Polished white and Golden Rice and (a different cultivar, after 2 months of postharvest storage) after cooking.
In 2009 MBA students at the Asian Institute of Management conducted qualitative attitudinal surveys of small farmers and consumers in four different representative island locations in the Philippines. Neither the colour nor the way it was created was considered a block to trying Golden Rice, so long as it was expected to assist their family’s health and was affordable. The solid colour of Golden Rice was recognisably distinct from the rather blotchy yellow colour of poorly stored white rice, which is sometimes offered cheaply by governments to assist poor people.

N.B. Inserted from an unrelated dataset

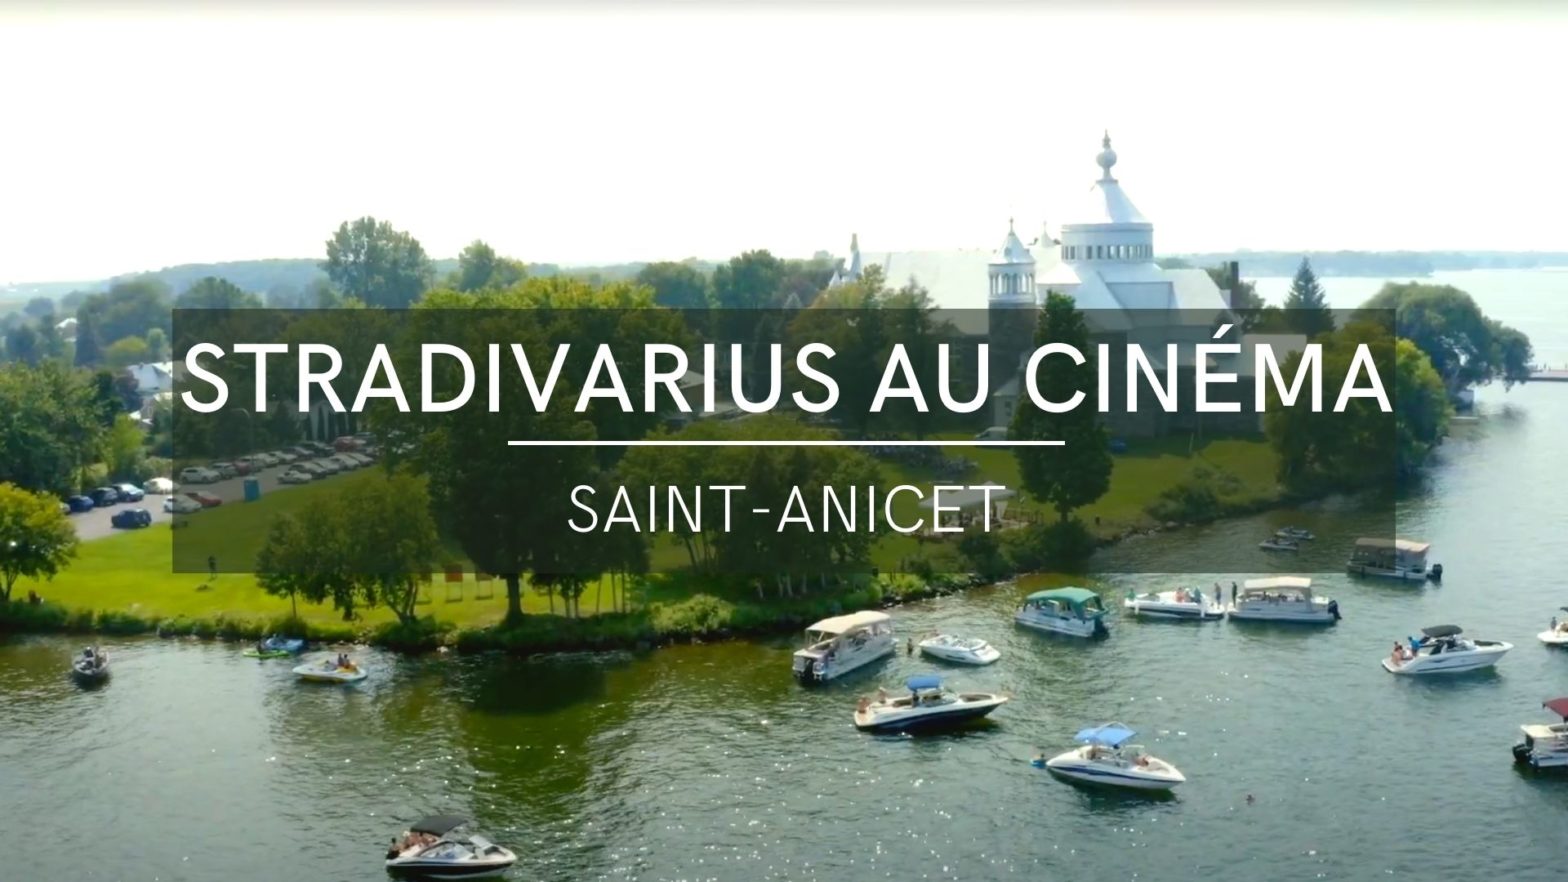 STRADIVARIUS AU CINÉMA 28 août 2022 Saint-Anicet.jpg

From several perspectives the colour of Golden Rice is positive. Consumers have a choice about whether to select it for cooking and whether to consume it or not. Such consumer choice is denied and therefore only made by governments or plant breeders, when the biofortified trait is ‘undetectable by persons consuming it’ [15], as in the case of invisible biofortificants such as iron or zinc introduced into biofortified grain crops or used in fortification of processed food. The colour of Golden Rice makes the consumers’ choice clear, even in populations with a variety of languages and dialects or where individuals are illiterate: each grain of Golden Rice is individually labelled, by its colour. No labelling is required on any packaging, and preference can be beneficially affected by communication of its lack of any adverse associations, and anticipated health benefits, from consumption.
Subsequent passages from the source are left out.